Of the many sustainable U.S.-caught varieties, East Coast blue crabs are sold live in summer, while Dungeness are found live in winter and spring. Cooked, pasteurized “lump” (body) meat is available all year.
These bivalves develop distinctive flavors from sweet to salty depending on where they’re harvested or farmed. They’re terrific raw on the half shell, as well as roasted, fried, or in stews.
Though shrimp are rarely sold head-on, try asking for the heads; they add umami richness to dishes like frutti di mare. Shrimp shells make excellent stock. U.S.-farmed Oregon pink and Canadian Pacific spot prawns are sustainable.
The American lobster boasts magnificent claw and tail meat. It’s most succulent in summer when molting, but soft-shells don’t ship well, so they’re not found far from the Northeast coast.
Though prized Dover sole is named for a British port, U.S. Pacific varieties of this flatfish are the most sustainable. Mainly sold in markets as skinless fillets, this delicate foil for butter-rich sauces is traditionally filleted tableside at high-end restaurants.
Mild and chewy, a squid’s body can be stuffed and grilled whole or sliced into rounds and fried or sautéed with its tentacles. Its ink, sometimes sold separately, flavors and tints pasta and risotto. U.S. fisheries are the most sustainable.
Sold in thick, meaty steaks and loin cuts, this massive fish has the oil-rich meat to withstand high heat and strong seasonings. Look for it harpoon and hand line caught.
Mainly sold as skinless fillets, this flaky flatfish is richer than sole or flounder. It’s wonderful roasted or crusted and pan-fried. Halibut is a natural substitute.
With a strong, slightly earthy flavor, kite-shaped skate is sold separated into its two flat, fibrous wings.
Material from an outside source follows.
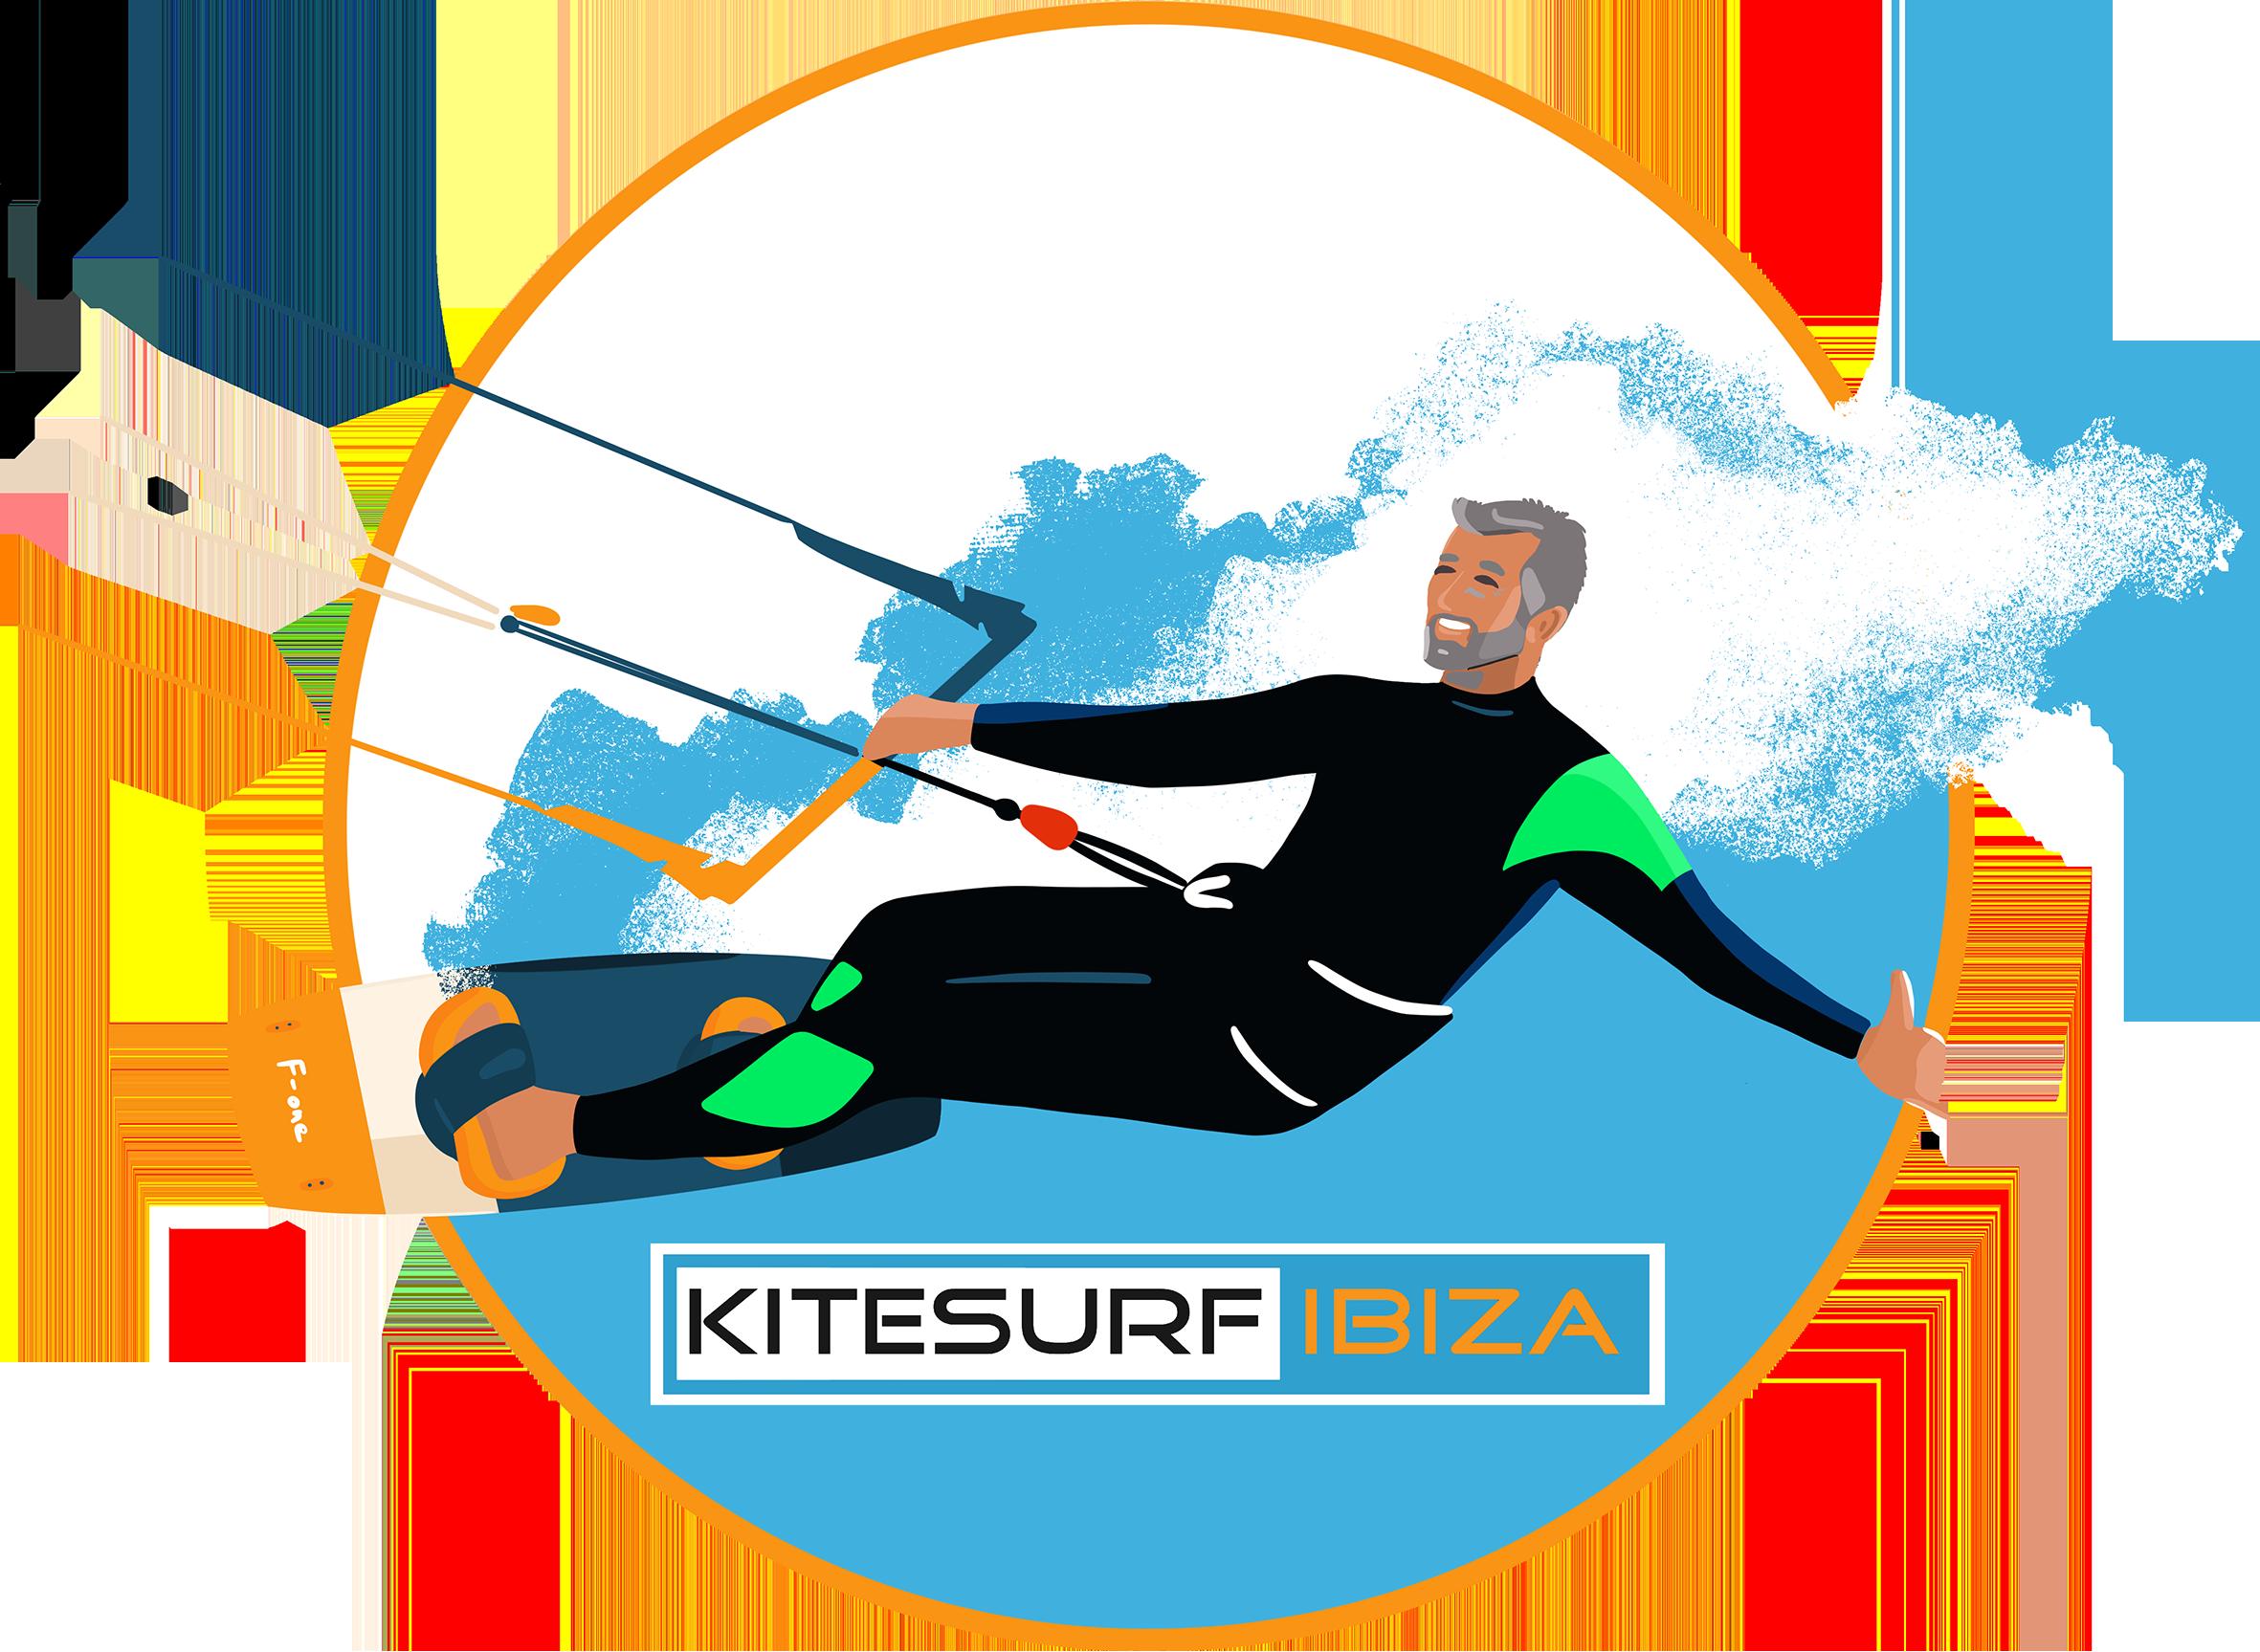 Kitesurf Ibiza

The meat crisps nicely when pan-fried in butter. Ocean-friendly markets like Whole Foods, however, don’t carry the overfished species.
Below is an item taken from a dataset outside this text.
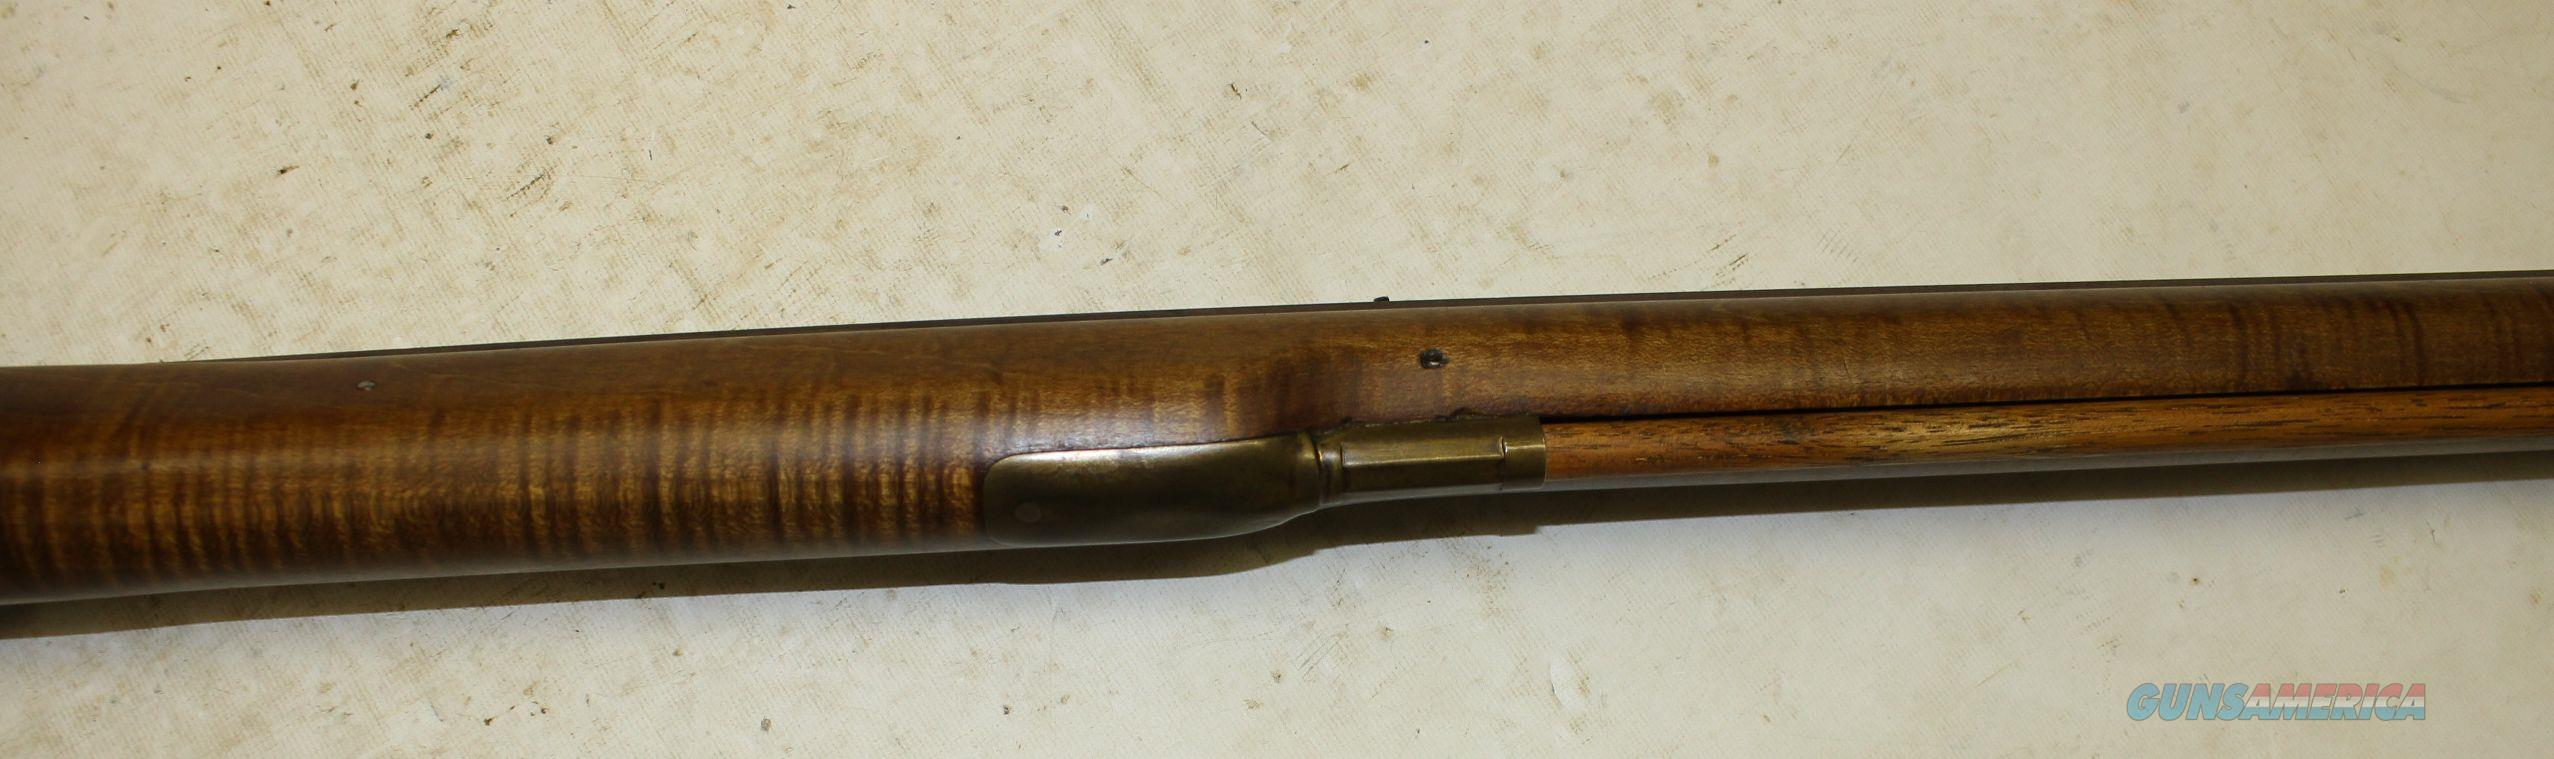 36 Caliber Black Powder Rifle

Sustainable varieties—sold fresh as steaks and loins, or processed for canning—include U.S. pole- and troll-caught bigeye, albacore, yellowfin, and skipjack. Coveted for sushi, the fatty, red-fleshed bluefin has been overfished.
Fluffy and light, the thick fillets of this largest of flatfish take to all sorts of preparations from poaching to pan-frying in a flavorful crust. Wild-caught U.S. Pacific halibut is the most sustainable.
Best caught with longlines or hand lines in warm Hawaiian or Ecuadorian waters, this firm, mellow-tasting fish is lovely grilled or seared. It’s often paired with tropical flavors. Snapper can substitute.